- [Dataset content]:
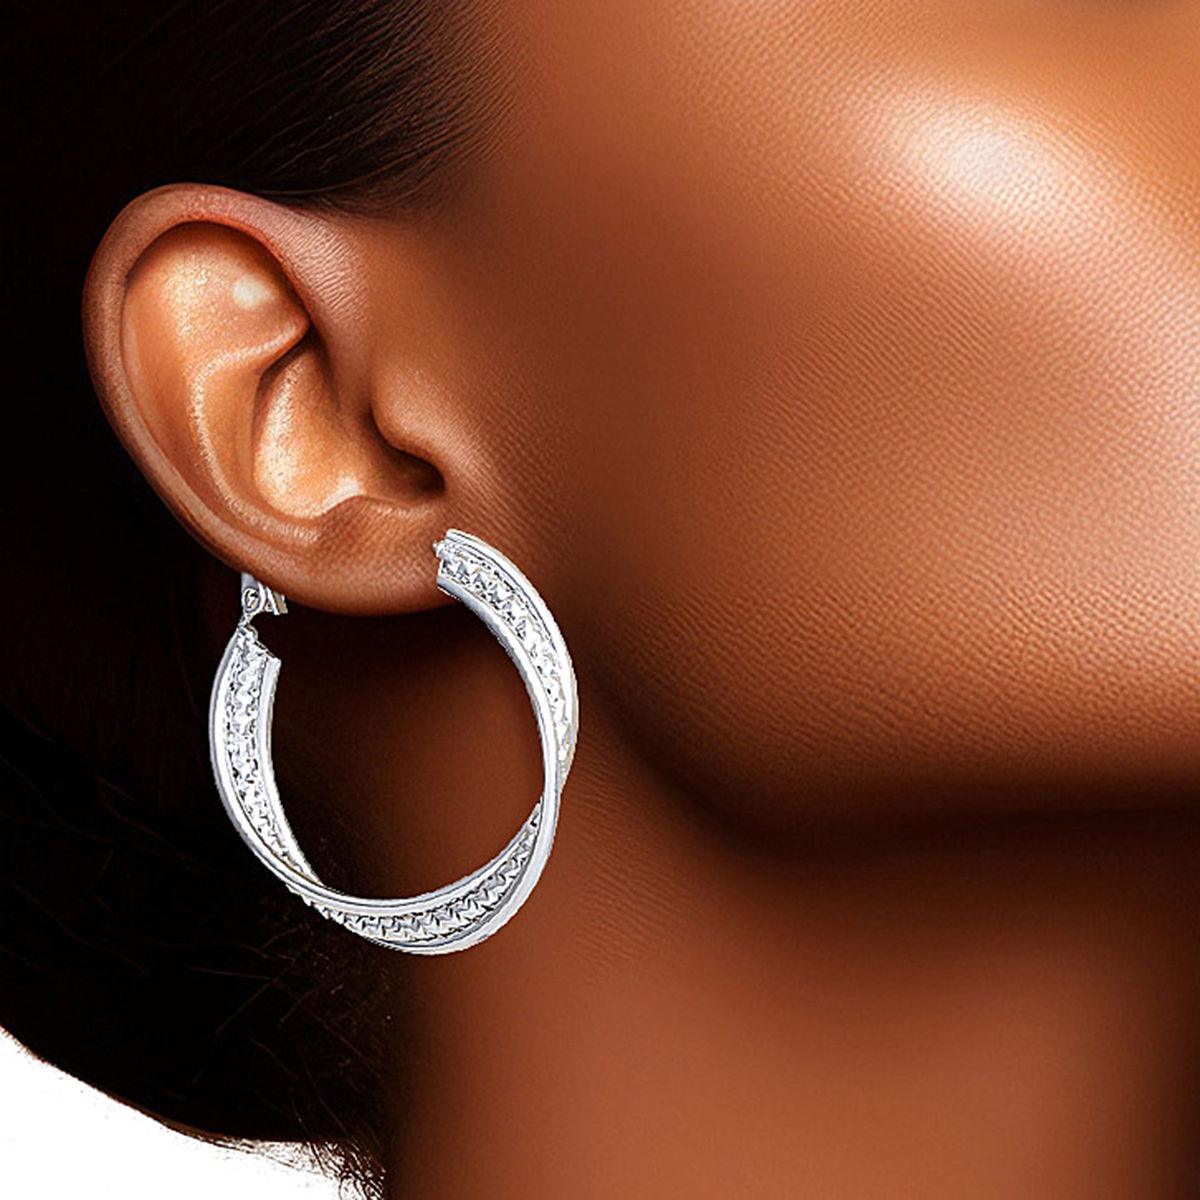 The Perfect Accessory: White Gold Small Diamond-Cut Hoop Earrings - Fashion Jewelry
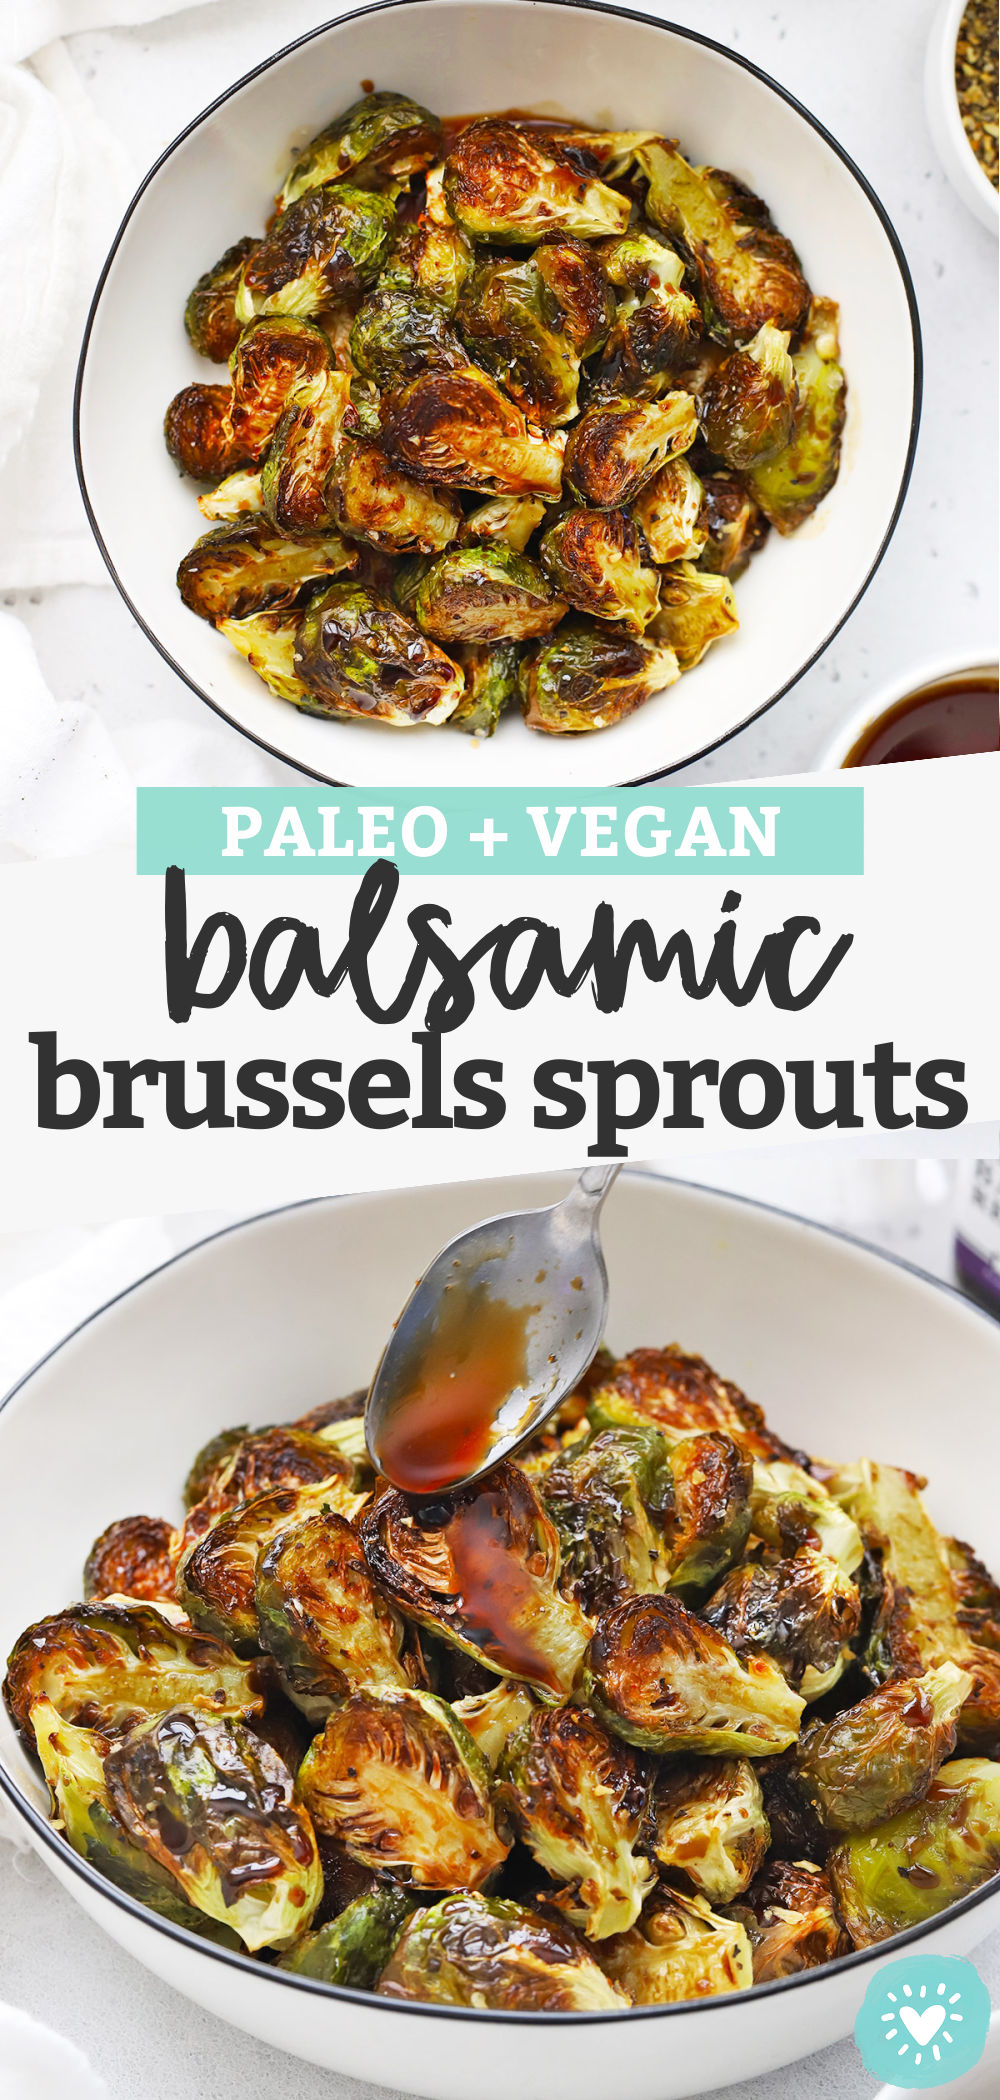 Balsamic Brussels Sprouts - Crispy roasted balsamic Brussels Sprouts with balsamic glaze make a delicious side dish you'll come back to again and again. (Paleo, Vegan) // Maple Balsamic Brussels Sprouts // Roasted Brussels Sprouts recipe // Thanksgiving side dish #paleo #vegan #brusselssprouts #sidedish #thanksgiving
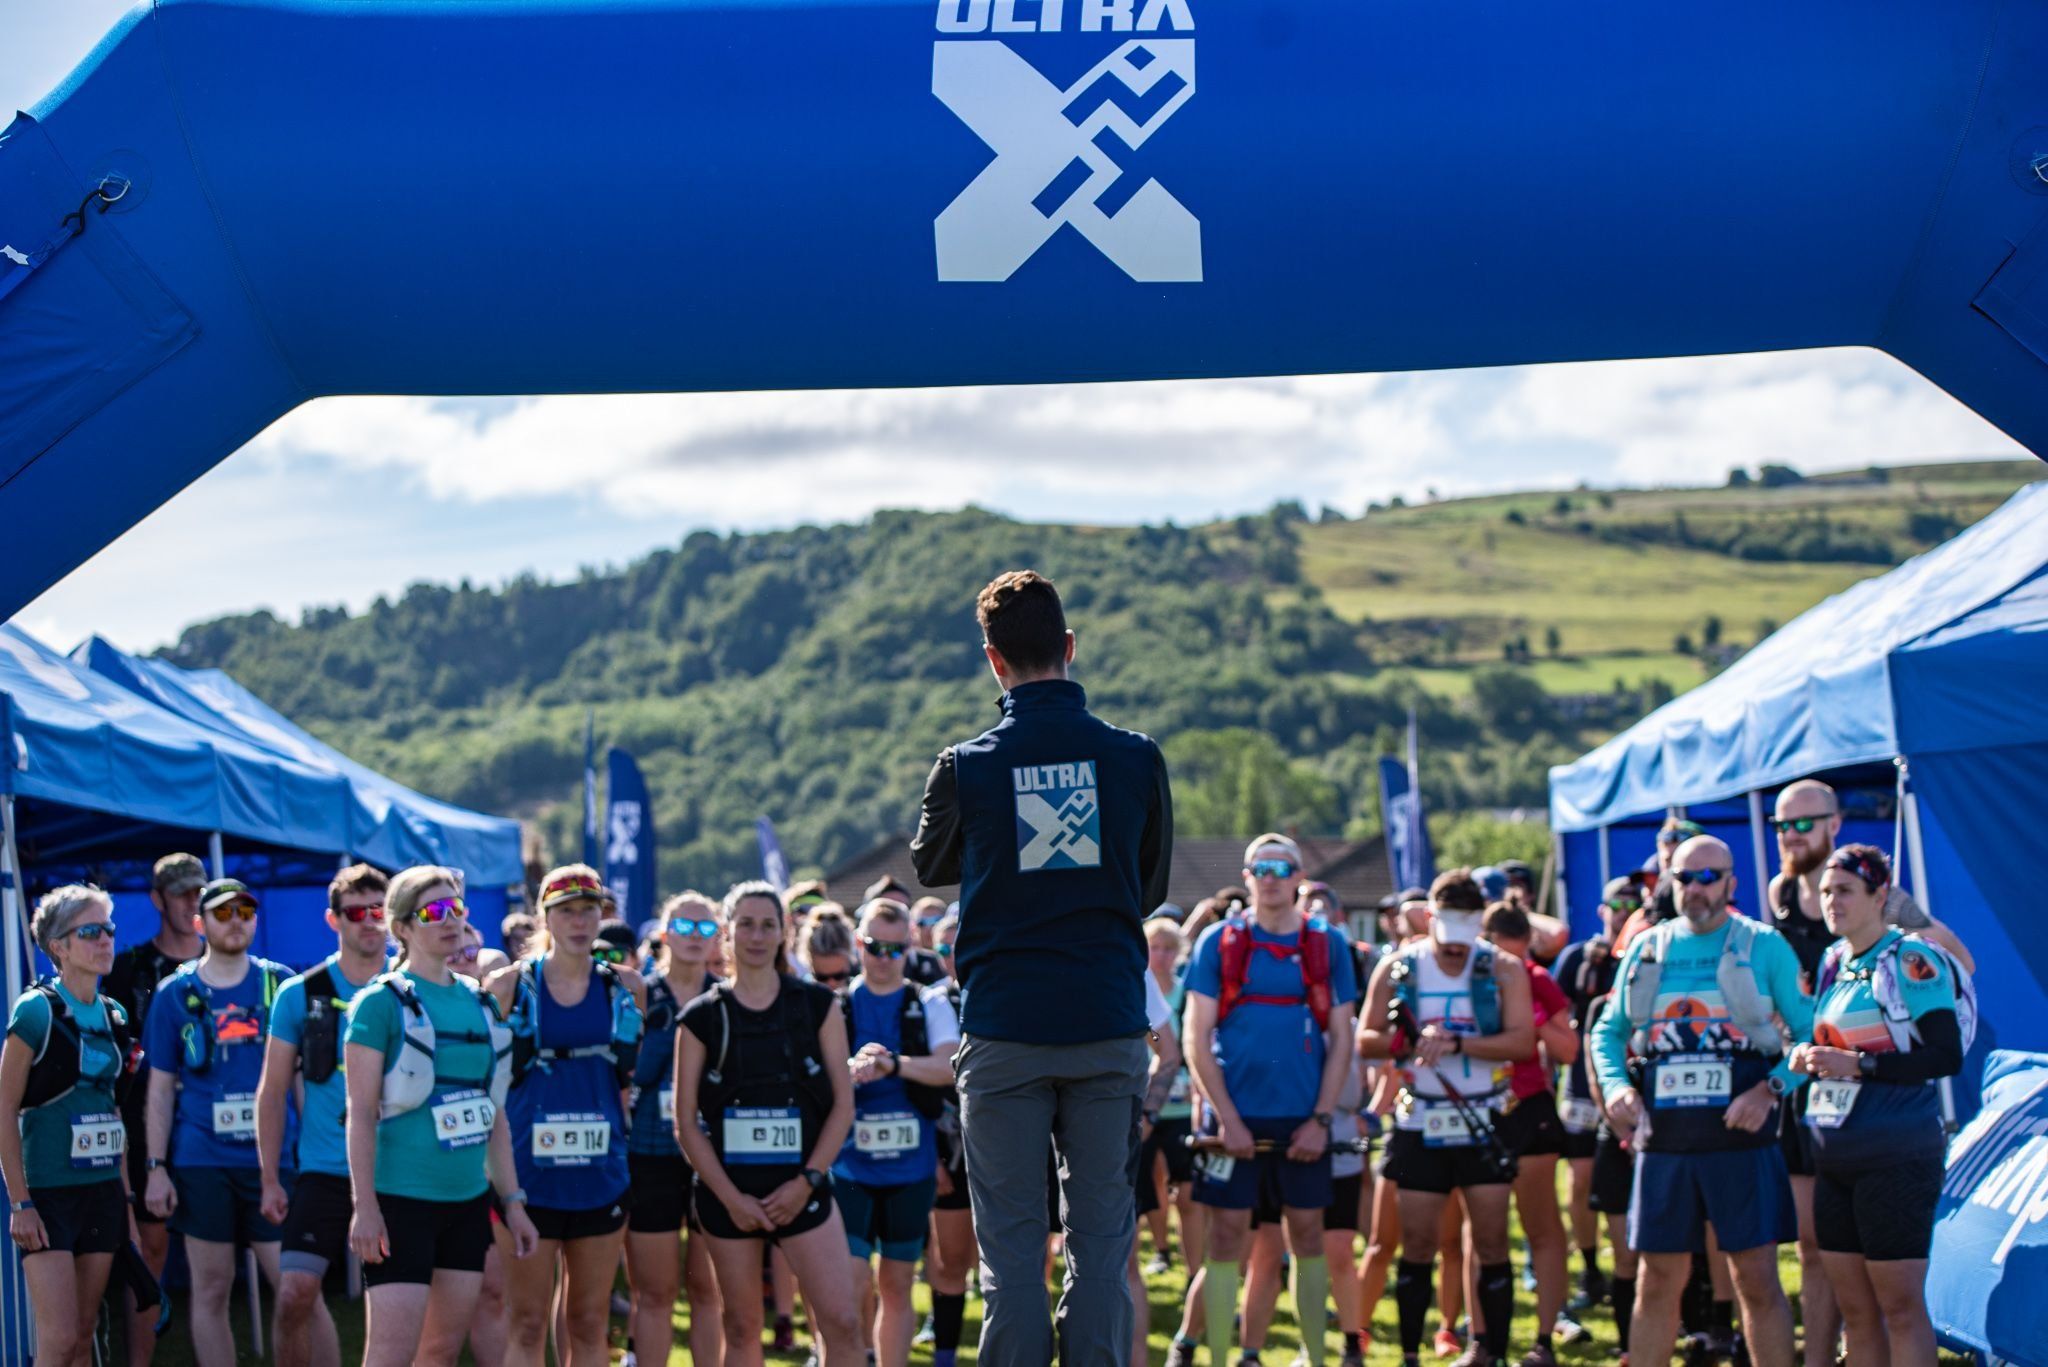 Sam briefing runners on the start-line ahead of a 2022 Ultra X race
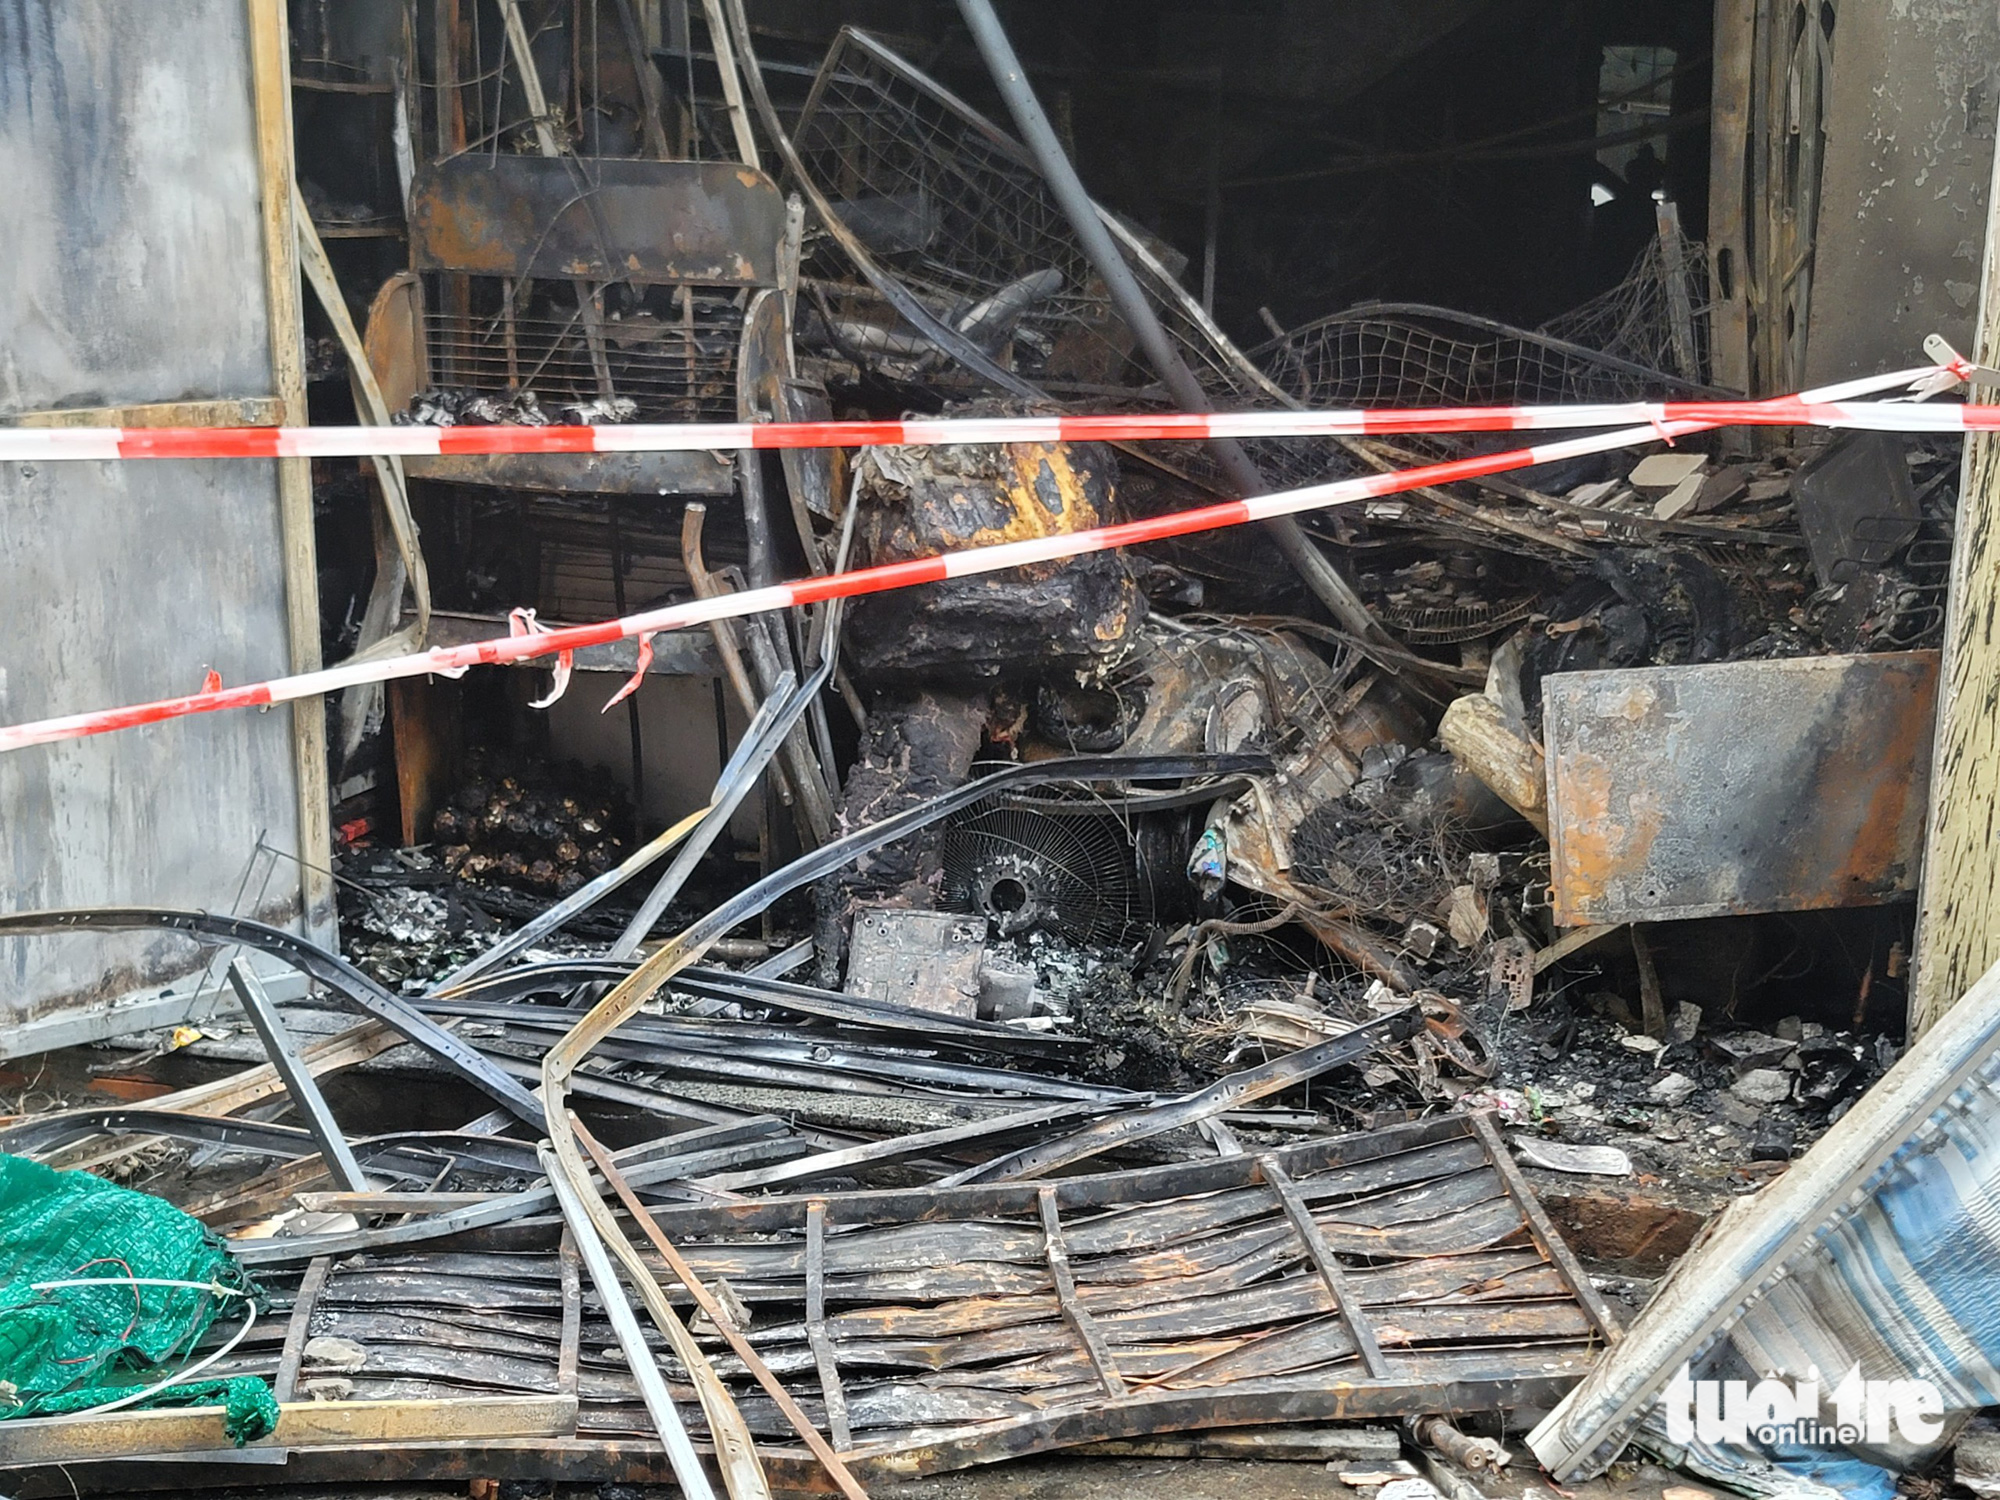 Equipment and devices inside the house were burned. Photo: Minh Chien / Tuoi Tre

- [Task prompt]: Transcribe, word for word, the stretch of lines in the data above from the one with "Balsamic Brussels Sprouts - Crispy" through the one with "Sam briefing runners"; omit all pictures.

- [Task solution]:
 Balsamic Brussels Sprouts - Crispy roasted balsamic Brussels Sprouts with balsamic glaze make a delicious side dish you'll come back to again and again. (Paleo, Vegan) // Maple Balsamic Brussels Sprouts // Roasted Brussels Sprouts recipe // Thanksgiving side dish #paleo #vegan #brusselssprouts #sidedish #thanksgiving
 Sam briefing runners on the start-line ahead of a 2022 Ultra X race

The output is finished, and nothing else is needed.